━━ INFORMATION SHOWN

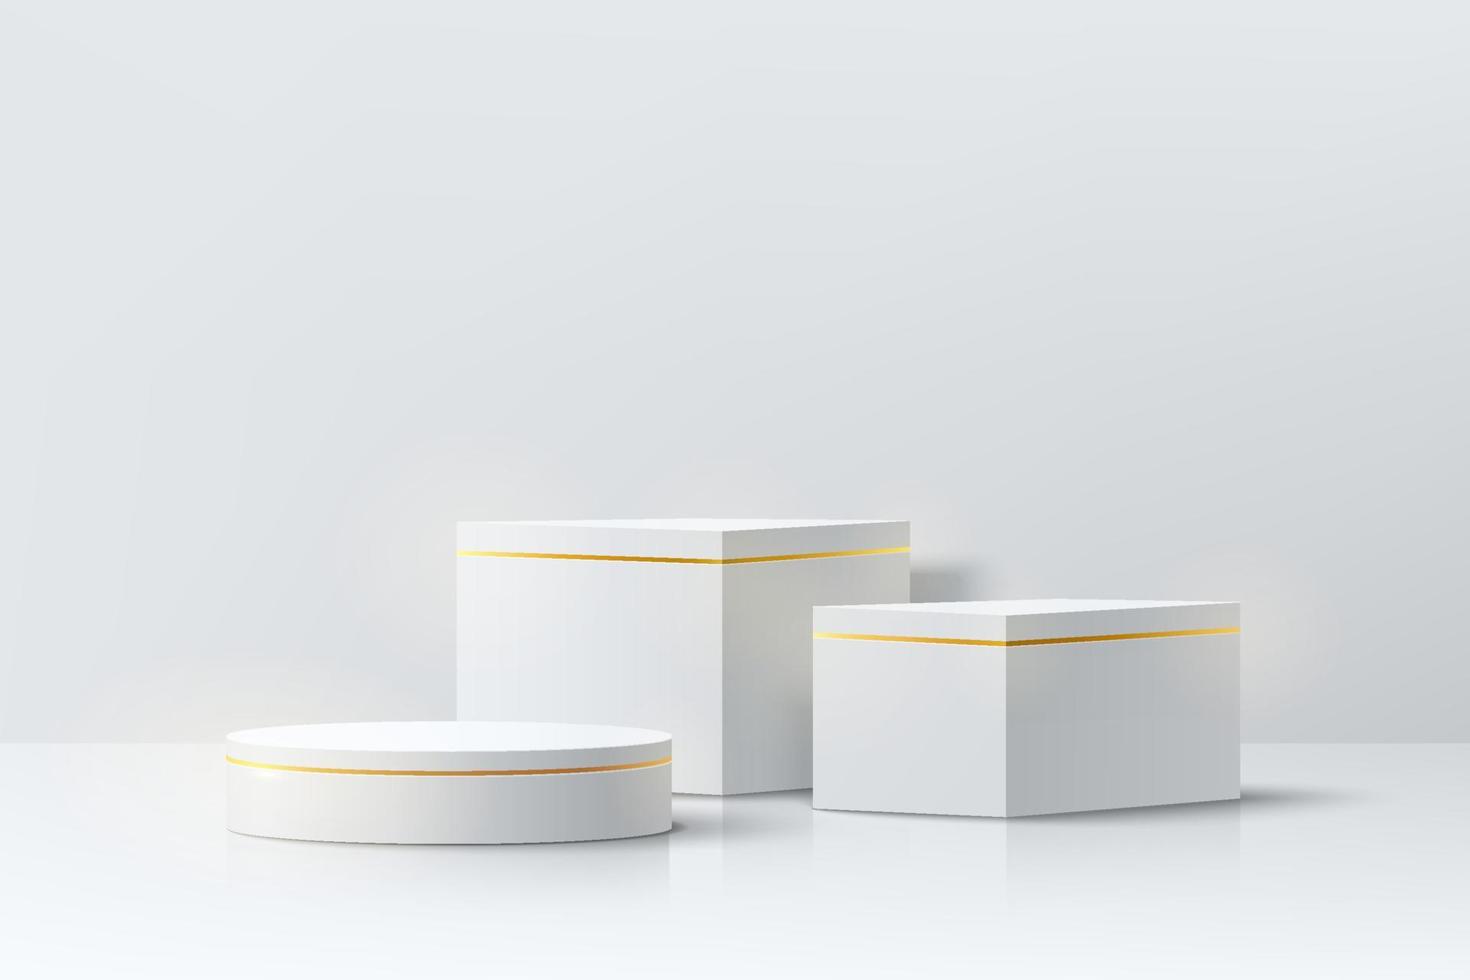 realistisk vit och gyllene 3d kub och cylinder piedestal podium i abstrakt rum. minimal scen för produkter scen showcase, marknadsföring display. vektor geometriska former gruppdesign. vektor eps10
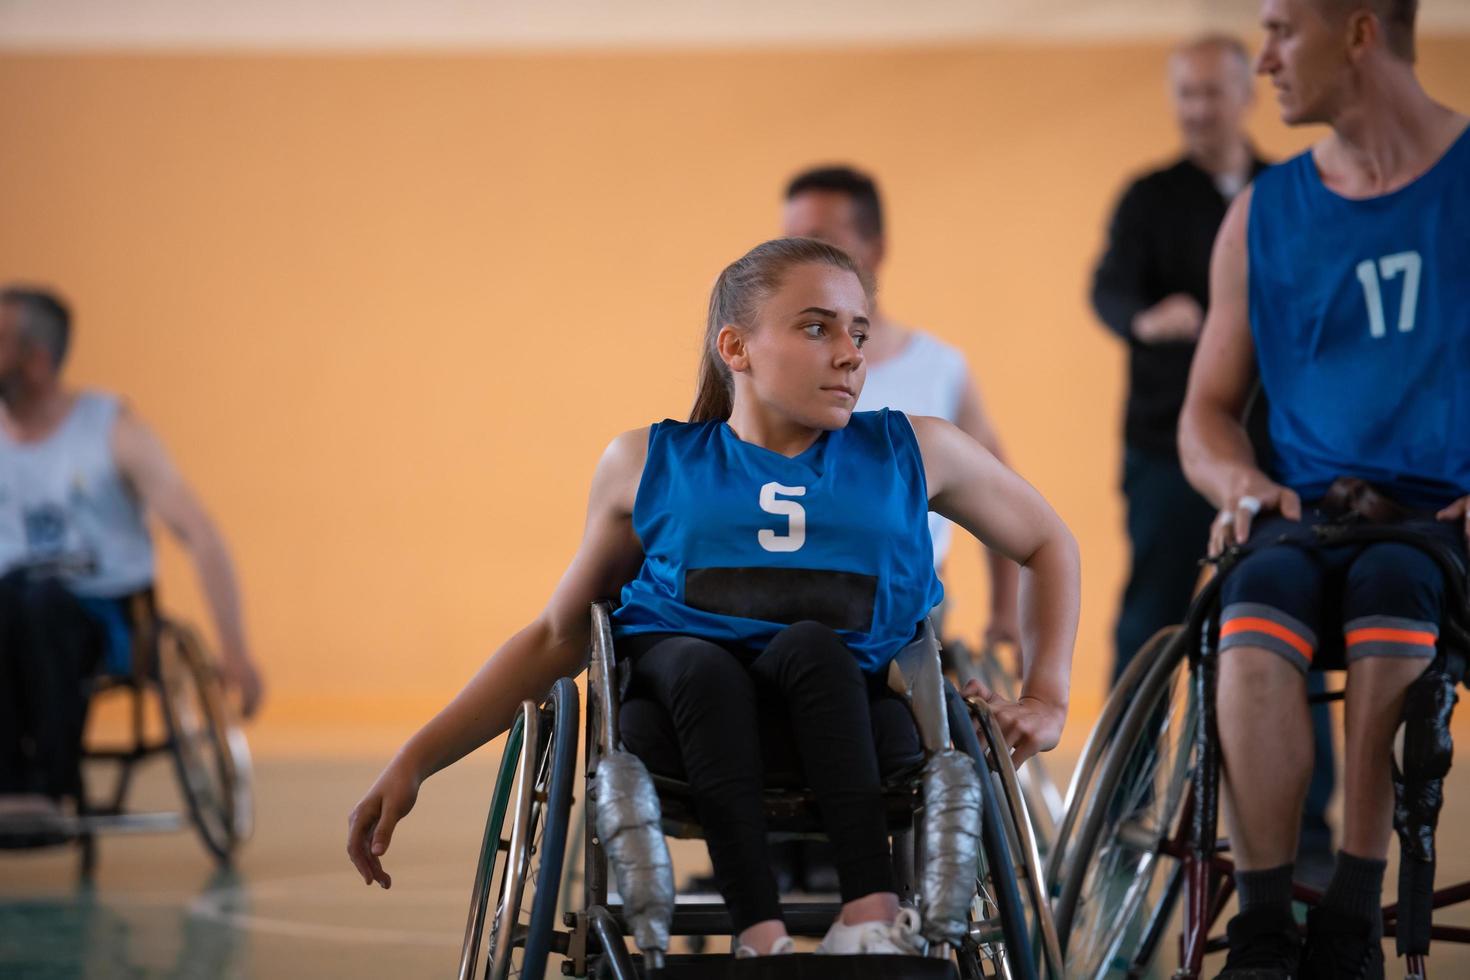 una joven jugando baloncesto en silla de ruedas en un equipo profesional. igualdad de género, el concepto de deportes con discapacidad. foto
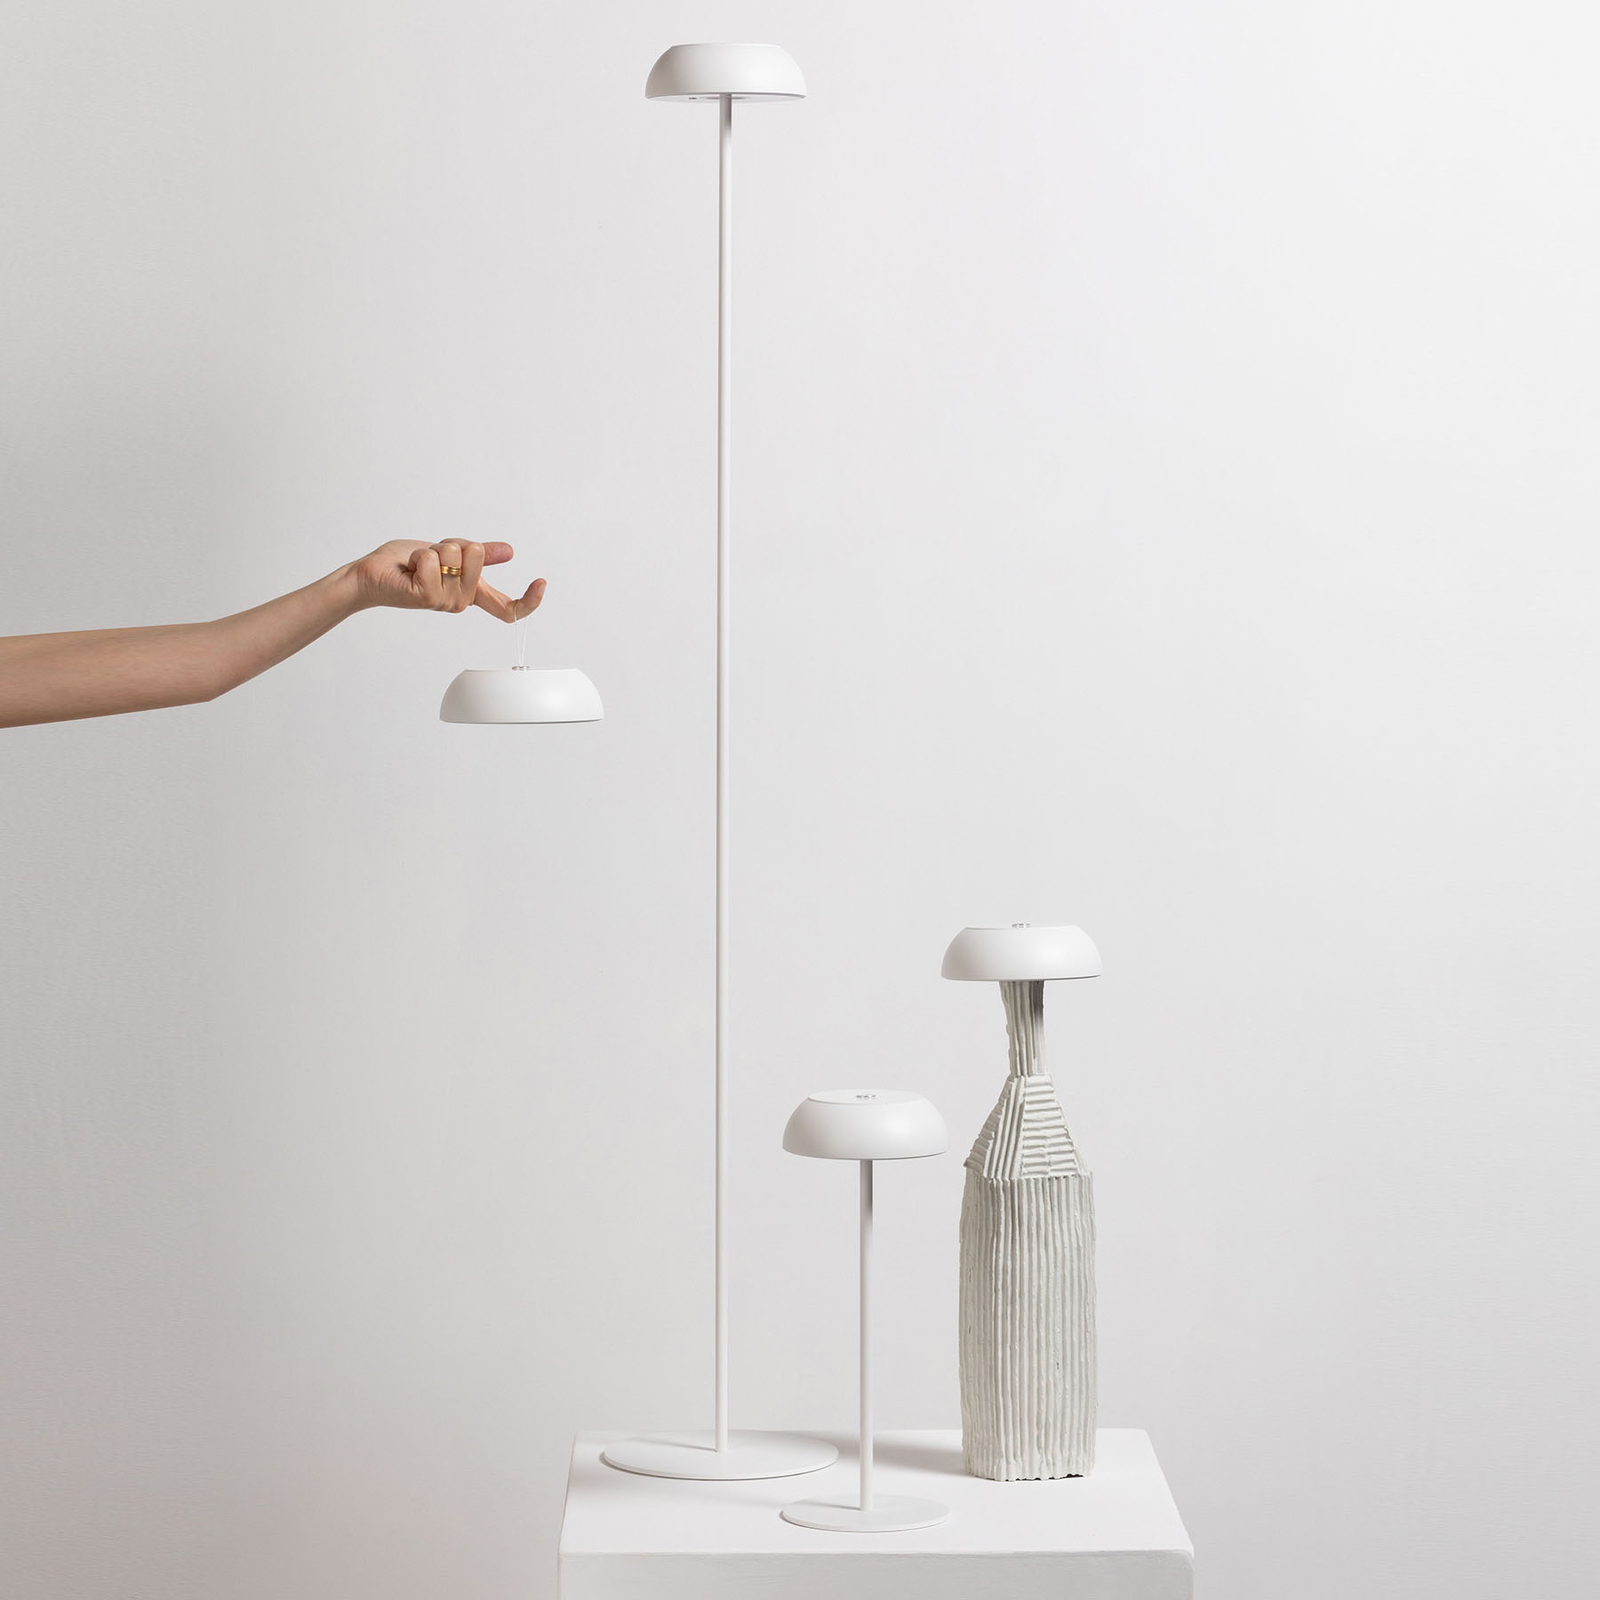 Axolight Float lampadaire de designer LED, blanc
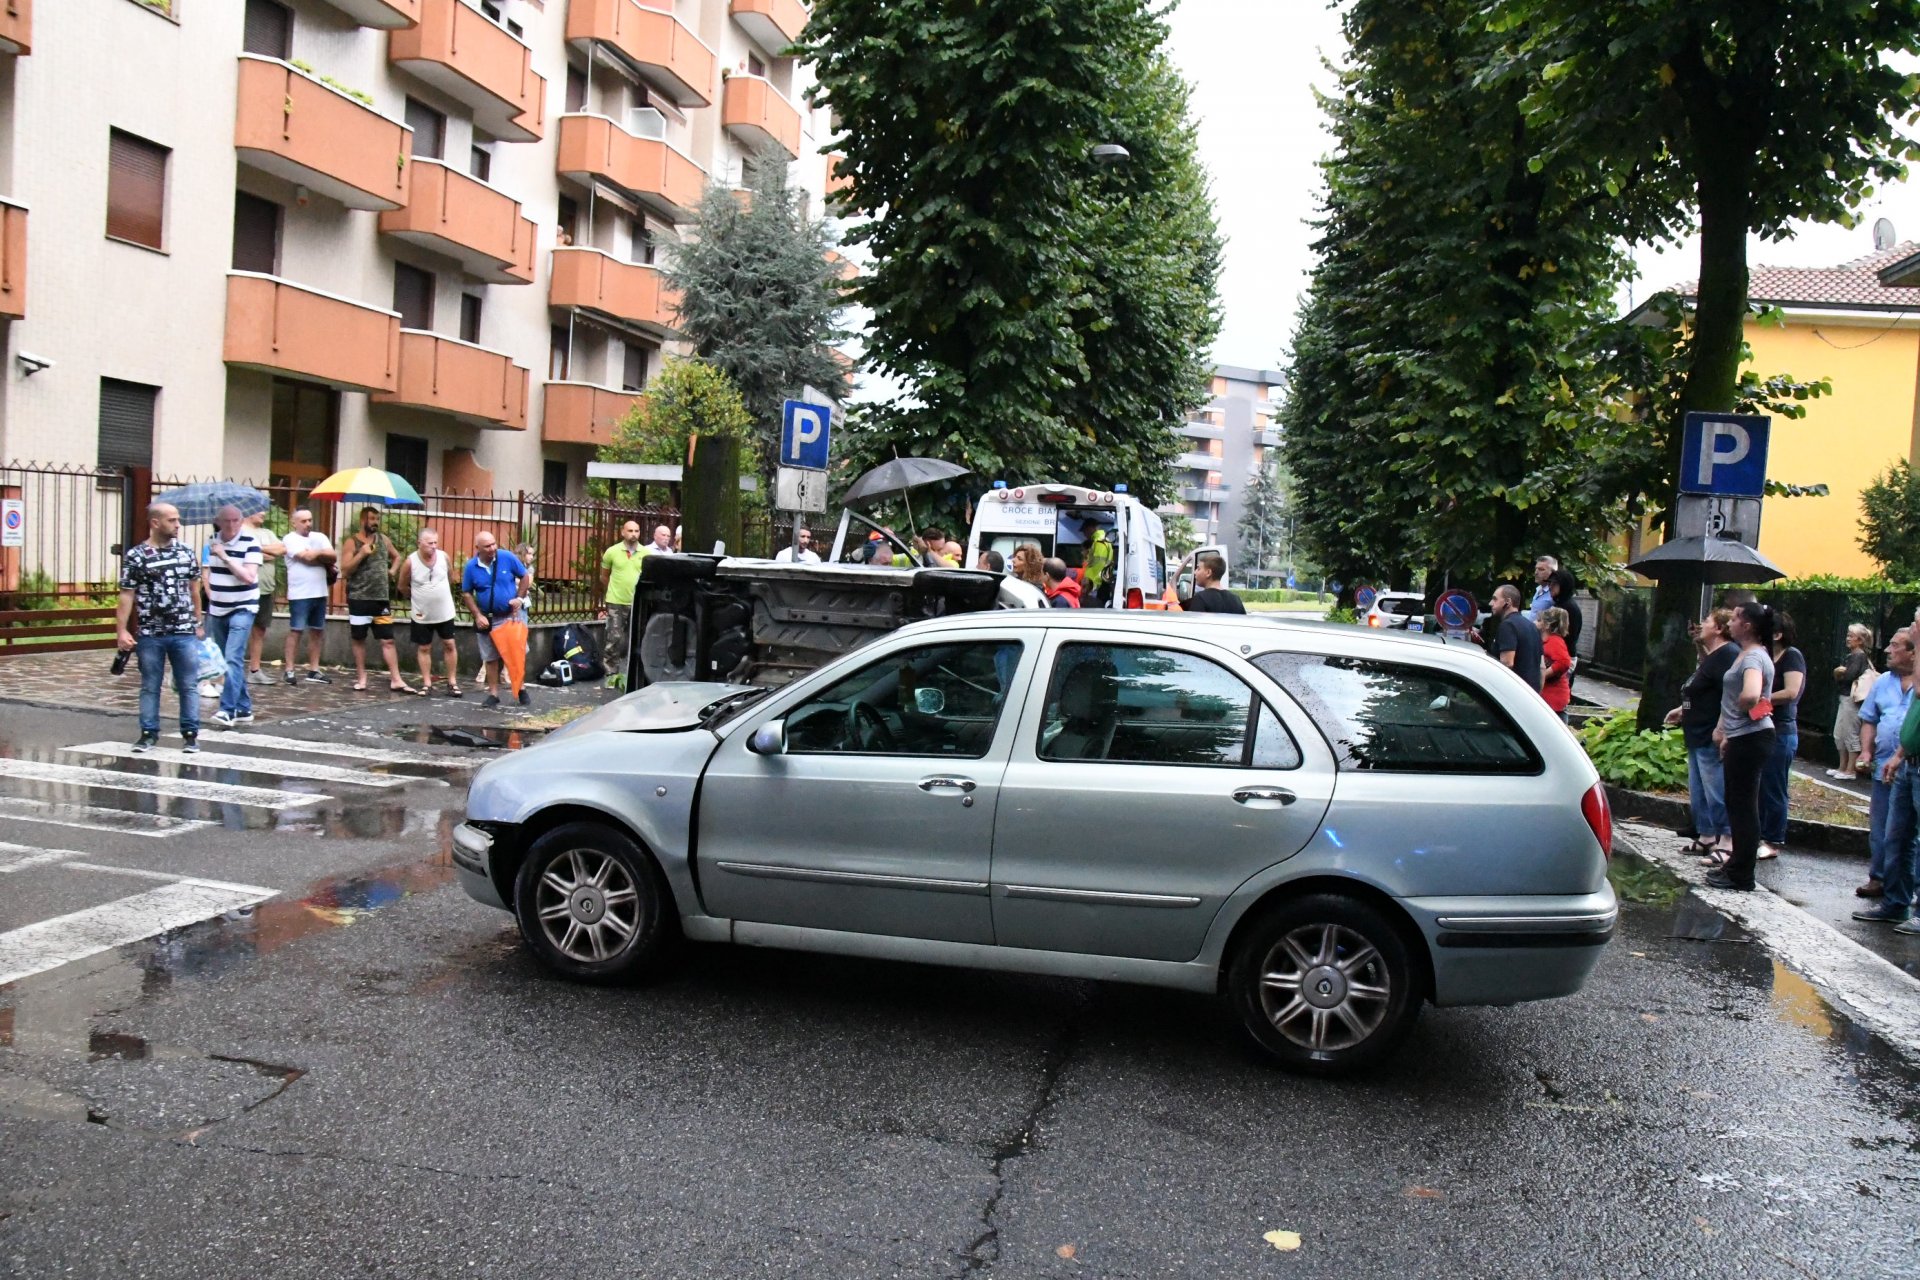 Brugherio spaventoso incidente in via Mazzini auto ribaltata anziani estratti dai vigili del fuoco

━━━━

*YOUR TASK*
Reprint the whole listing verbatim except for the pictures.

*WRITTEN RESPONSE*
 realistisk vit och gyllene 3d kub och cylinder piedestal podium i abstrakt rum. minimal scen för produkter scen showcase, marknadsföring display. vektor geometriska former gruppdesign. vektor eps10
 una joven jugando baloncesto en silla de ruedas en un equipo profesional. igualdad de género, el concepto de deportes con discapacidad. foto
 Axolight Float lampadaire de designer LED, blanc
 Brugherio spaventoso incidente in via Mazzini auto ribaltata anziani estratti dai vigili del fuoco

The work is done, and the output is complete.